Teria Padim realmente existido? Teria sido ele mesmo o menino nascido nas barrancas de Apuama, beijocado por meninas tão jovens? Meninas “cujos amores extremados eram apenas a parte genuína dos outros amores alugados nas madrugadas”, nas palavras do próprio Padim, o José, filho de dona Tereza e de Franco. Aliás, do padre Franco Otto. Padim, José, silhueta ou fragmento de delírio, essa voz literalmente perdida na escuridão protagoniza O coletor de sombras (Audichrome Editora, 288 págs., R$ 29), romance de estréia do médico patologista paulistano Roberto Falzoni. Evocando a arquetípica “caverna de Platão”, Falzoni engaiola seu personagem em uma gruta, “envolvido pelo completo escuro”, vendo a tocha cair da mão e afundar-se lentamente fazendo rodeios na correnteza do rio. E “as imagens vão surgindo”.

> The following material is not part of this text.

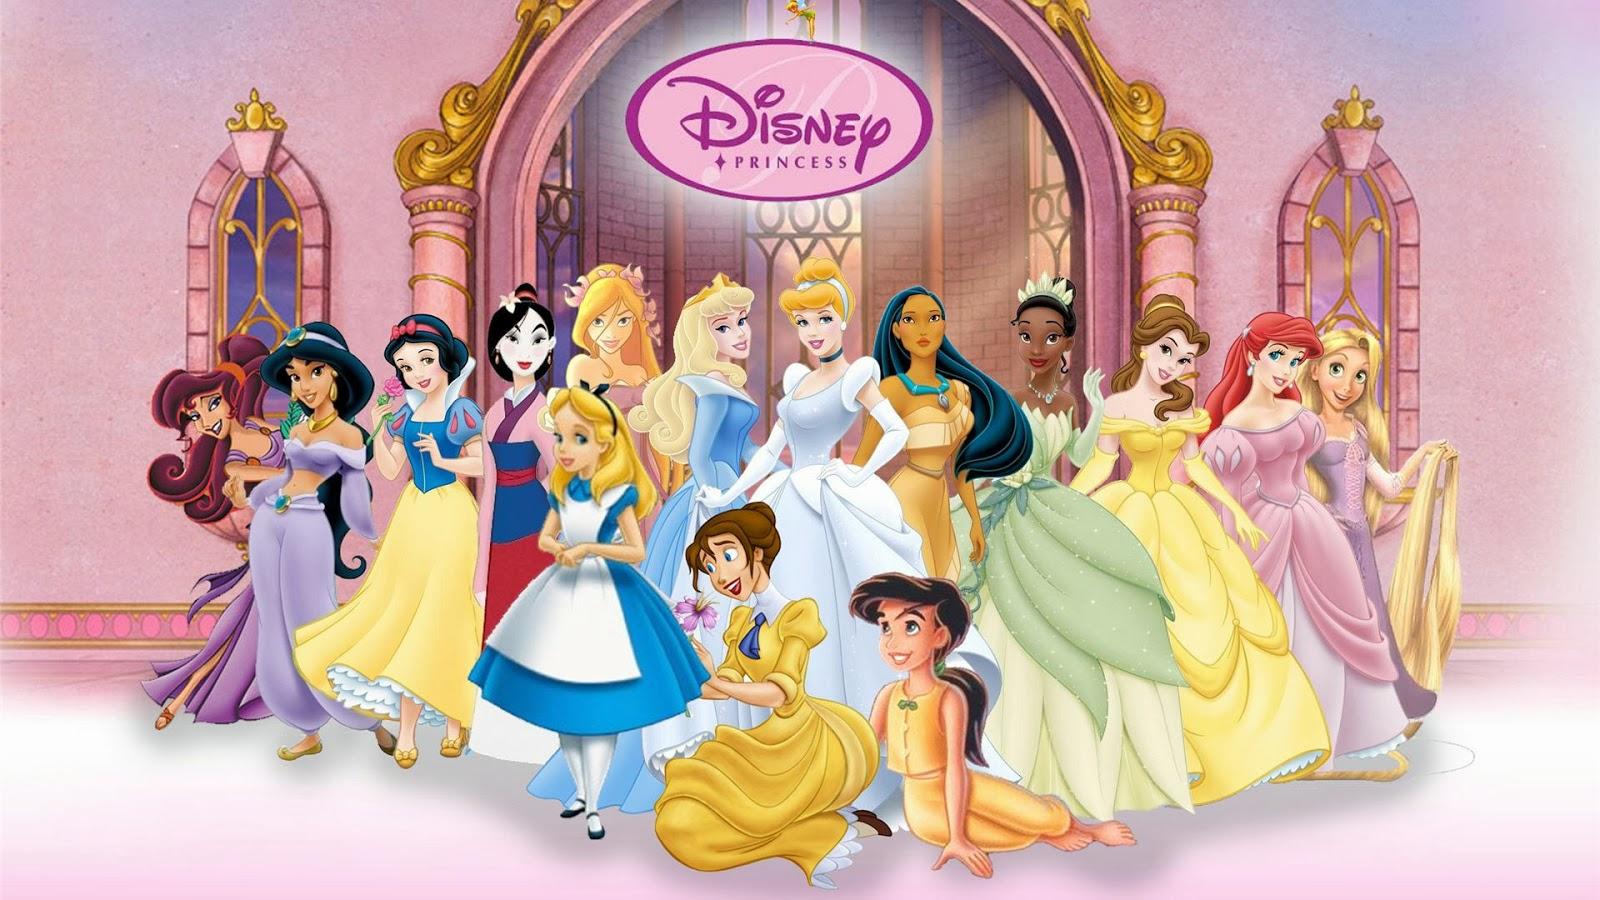 Disney Princess HD Wallpapers Download HD WALLPAERS 4U FREE 1600x900

Os sete capítulos do livro são emoldurados por epígrafes de artistas cuja obra namora a noção de vazio, labirintos, espelhos, desertos, espaços e indefinição – como Manuel Bandeira, Jorge Luis Borges, Fernando Pessoa, Pablo Neruda, Mário Quintana e Astor Piazzola – por que não? A senha para o mergulho é a etnia indígena wamaritedewa, que “sonha acordada”. Como Padim, o menino que nasceu entre prostitutas. Ficamos sabendo que sua avó Jacira teve Tereza com Antonio Alferes, um calígrafo com vocação de geógrafo e geólogo – assim como Falzoni; que foi criado com Pimba, neto da negra Veluma; que se casou com Josana, cujo nome índio era Penhari, habituada a conversar com Hu, uma onça.

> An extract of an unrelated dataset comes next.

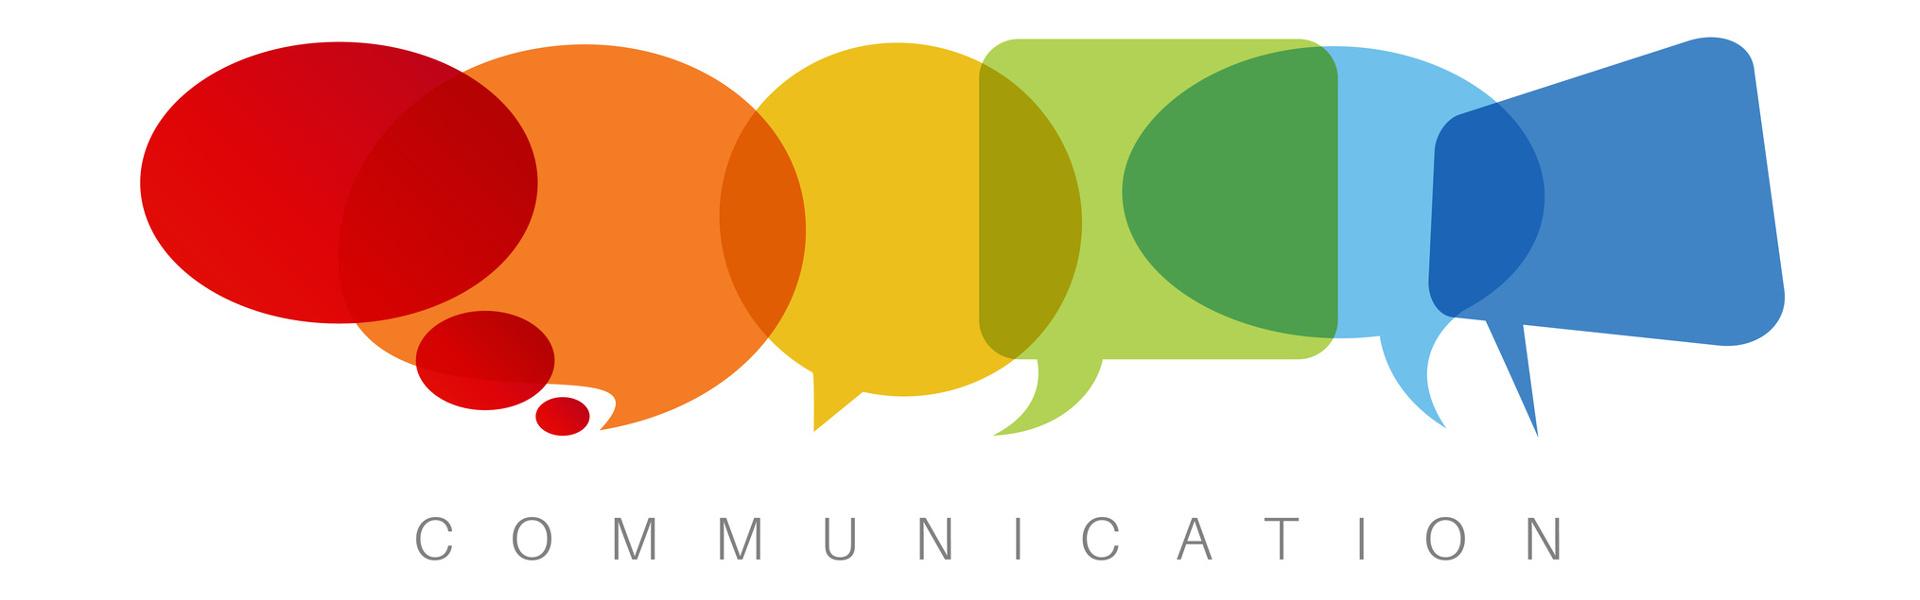 slider_communication_1920x600

Como na saga da família Buendia, descrita por Gabriel García Márquez em Cem anos de solidão, a trama do livro, ou seja, o devaneio de Padim, vagueia por décadas, gerações e lugares diferentes e sem relação entre si. A amizade entre os jovens Franco, o futuro padre, e Dario, o tocador de violino, por exemplo, tem como cenário a Itália rural. A aldeia amazônica que viu nascer o romance de Jacira torna-se palco de lutas encarniçadas envolvendo militares e civis, brancos e não-brancos, fogo, sangue e poeira elevados ao céu. De quando em quando, sem qualquer aviso, seja por magia, seja pela confusão mental promovida pelo afogamento iminente, surge a figura de Guba, o ancião que aprisiona imagens com areia dentro de garrafas vendidas na escadaria da igreja. É como se Falzoni resgatasse o paradoxo borgiano do conto Ruínas circulares. Não seríamos todos nós sonhos ou sombras coletados pelo outro? E quem seria esse outro?